Electromechanical dopant defect interaction in acceptor doped ceria

TL;DR

This study investigates how different acceptor dopants influence the electromechanical response of oxygen-deficient ceria, revealing that dopant-defect interactions significantly affect electrostrictive properties and time-dependent behaviors.

Contribution

It demonstrates the impact of dopant size and valence on defect interactions and electromechanical responses in ceria, highlighting the role of dopant-defect binding energy.

Findings

Weak dopant-vacancy binding (0.3 eV) leads to high electrostrictive coefficients and time-dependent effects.

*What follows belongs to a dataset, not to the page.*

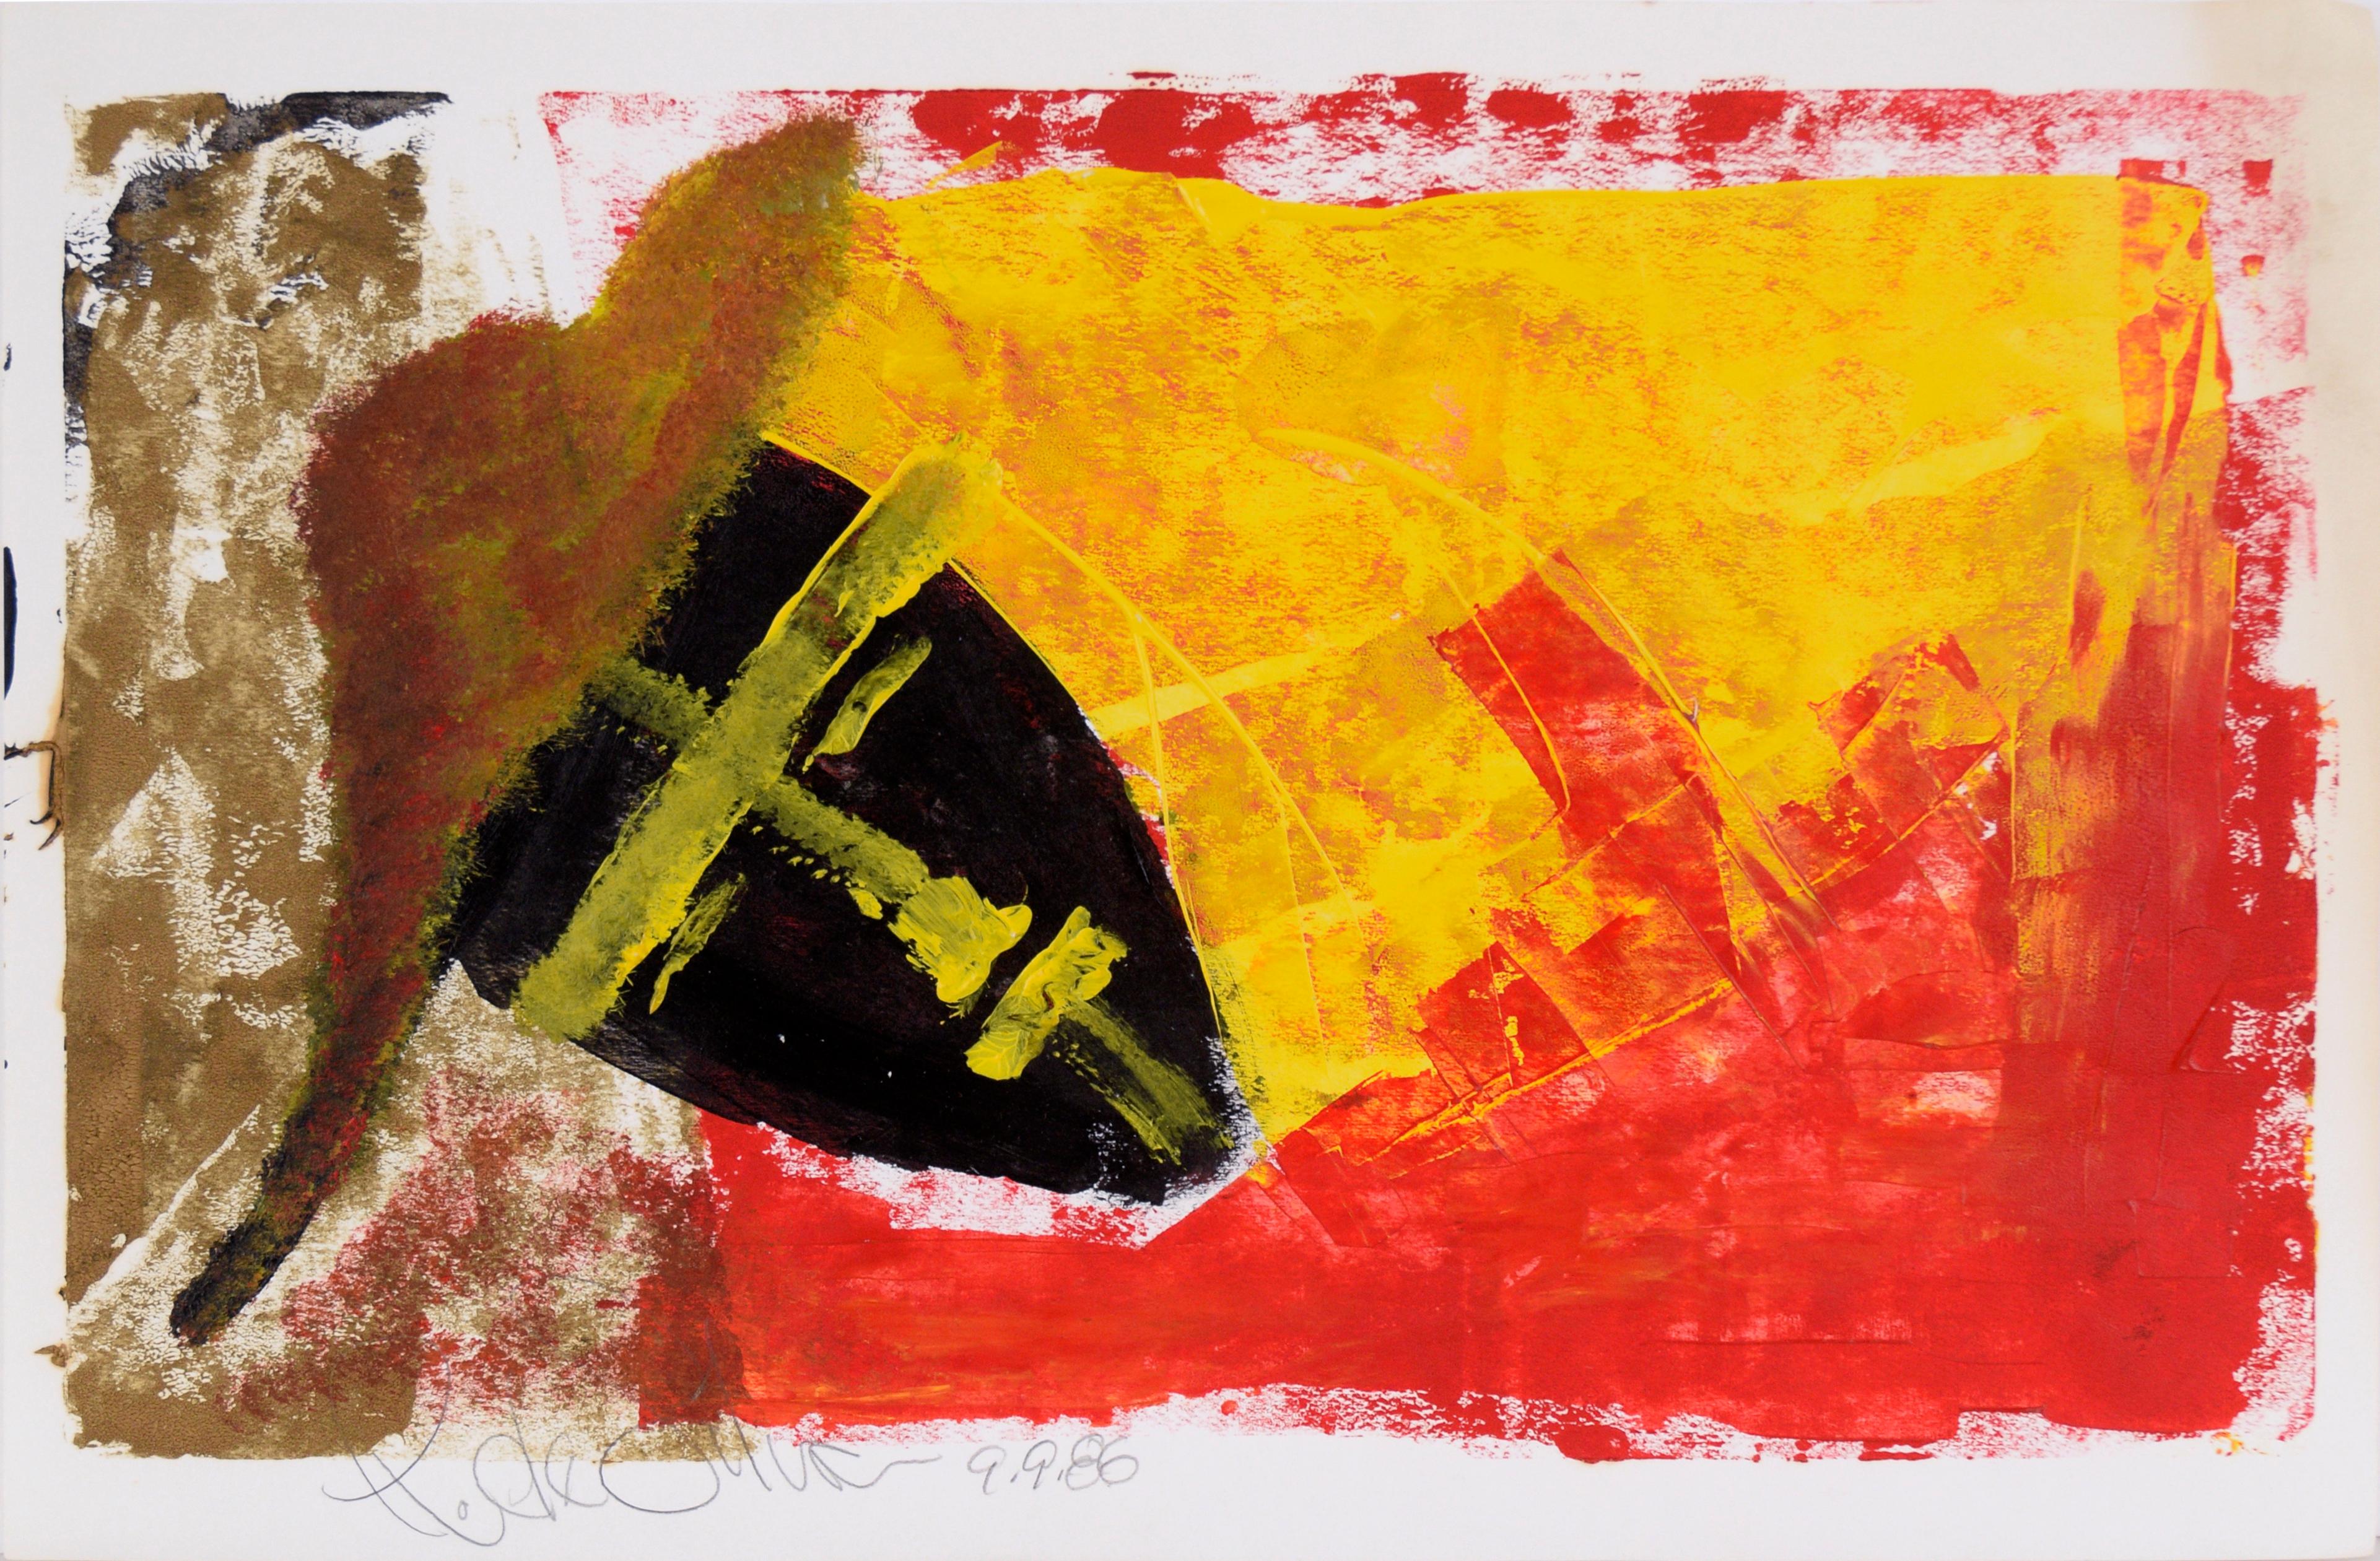 Ricardo de Silva Abstract Painting - Sombrero in the Iron Mask - Geometric Abstract Expressionist in Acrylic on Paper

Strong dopant-vacancy binding (0.6 eV) results in no time-dependent effects.

Different dopants tune the electromechanical behavior by modifying defect interactions.

Abstract

Oxygen defective cerium oxides exhibits a non classical giant electromechanical response that is superior to lead based electrostrictors. In this work, we report the key role of acceptor dopants, with different size and valence Mg2+, Sc3+, Gd3+, and La3+, on polycrystalline bulk ceria. Different dopants tune the electrostrictive properties by changing the electrosteric dopant defect interactions. We find two distinct electromechanical behaviors when the interaction is weak dopant vacancy binding energy 0.3 eV, electrostriction displays high coefficient, up to 10-17 m2V-2, with strongly time dependent effects. In contrast, we observe no time dependent effects when the interaction becomes strong 0.6 eV.